Use ofThe title compound was synthesized as "DMT-on" in a ratio of 1.9mmol to oligopilot-100. The synthesis parameters are given in table 1.

Table 1: forSynthesis parameters of OP-100.

b. Cleavage from solid support and RP-HPLC purification

The crude material was cleaved from the resin and deprotected by dissolving the dried resin in 30% aqueous ammonia (190mL) and stirring at 65 ℃ for 5 h. The solid support was filtered off and the aqueous solution was concentrated to about 60mL by rotary evaporation. The solution was further treated with H₂O was diluted to a final volume of 100mL and solid Na was added₂CO₃To obtain 50mM Na₂CO₃Solution (crude oligomer content of 124 mg/mL). A portion of the crude material (80mL) was purified by RP-HPLC according to the parameters in Table 2.

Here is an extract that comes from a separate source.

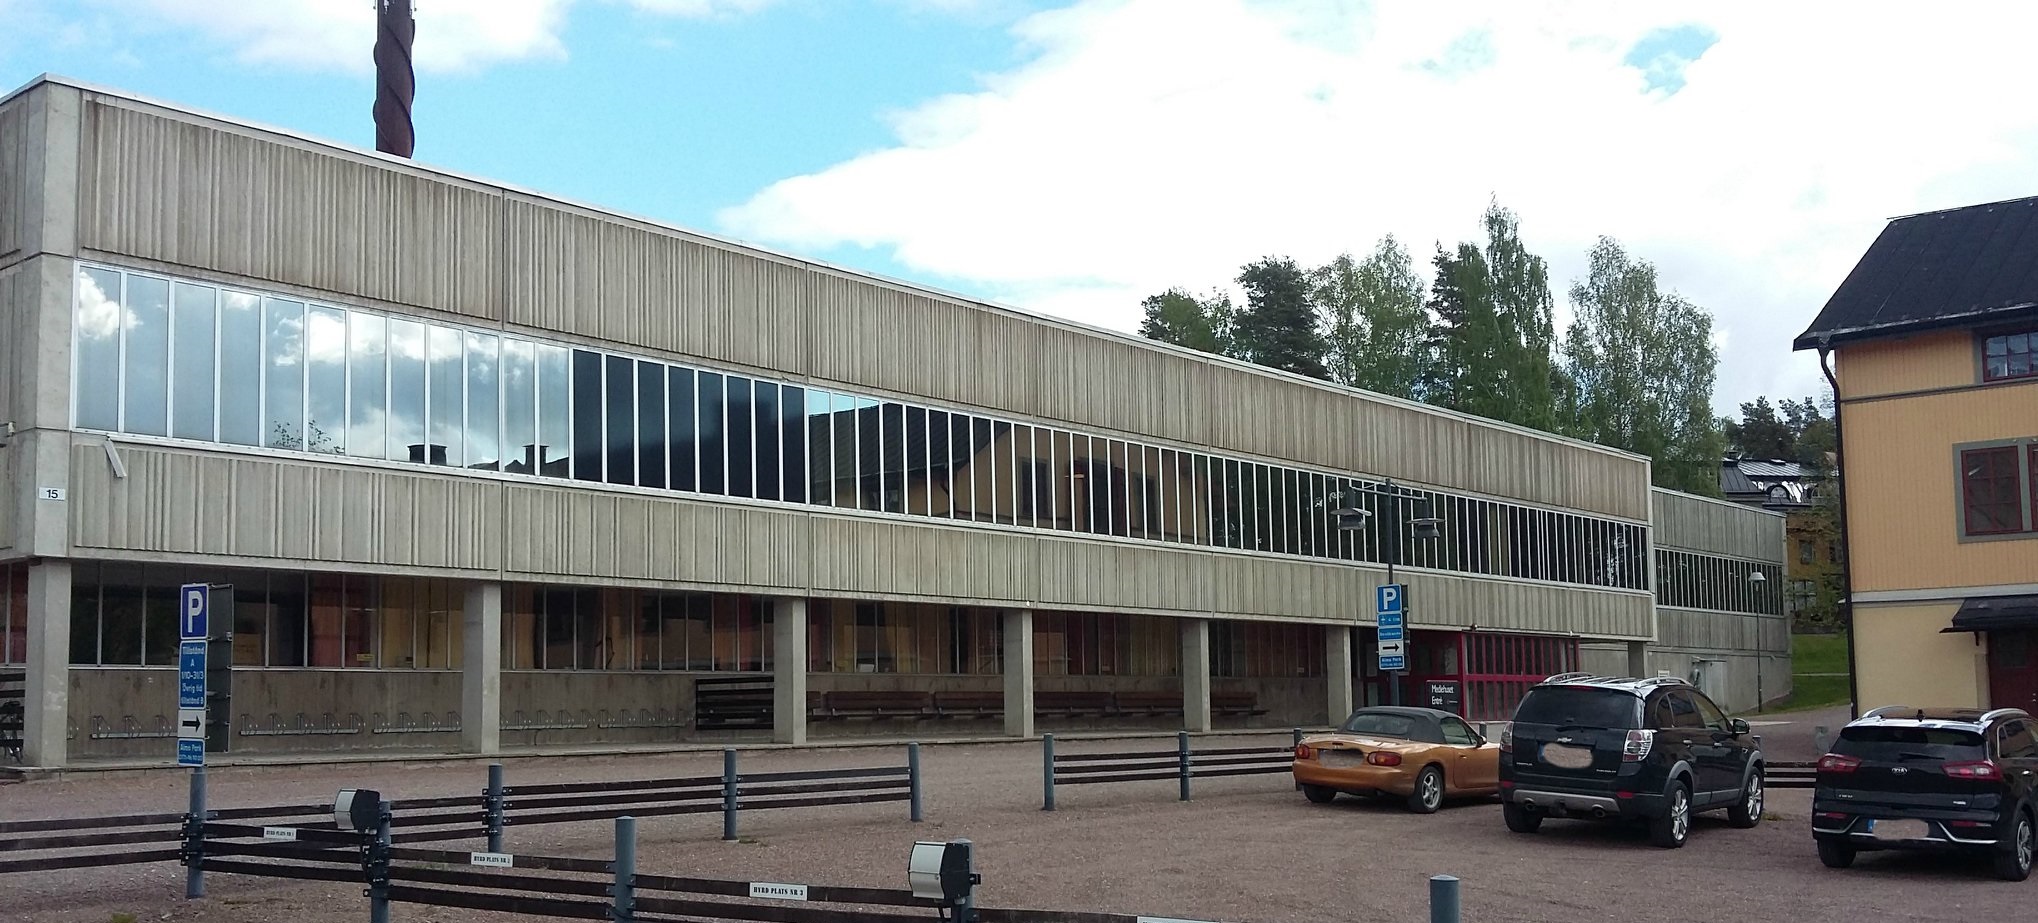 Är Mediehuset i Falun Sveriges fulaste byggnad genom tiderna?

Table 2: RP-HPLC purification parameters.

c. DMT deprotection, desalination and concentration by tangential flow filtration

Fractions from RP purification were collected to yield 2.5L (2mg/mL of oligomer) and washed with H₂O diluted to a final volume of 4.2L. In a Hydrosart Sartocon cassette (0.1 m) equipped with two 2kD cut-offs²) Is/are as followsThe material was processed on a cross-flow machine to trigger DMT deprotection, concentration and tangential flow filtration. The program parameters are detailed in table 3.

Table 3:detailed parameters of the cross-flow procedure.

The solution obtained after washing was lyophilized to obtain 4.00g of the title product (42% overall yield based on synthesis scale, 88% UV purity).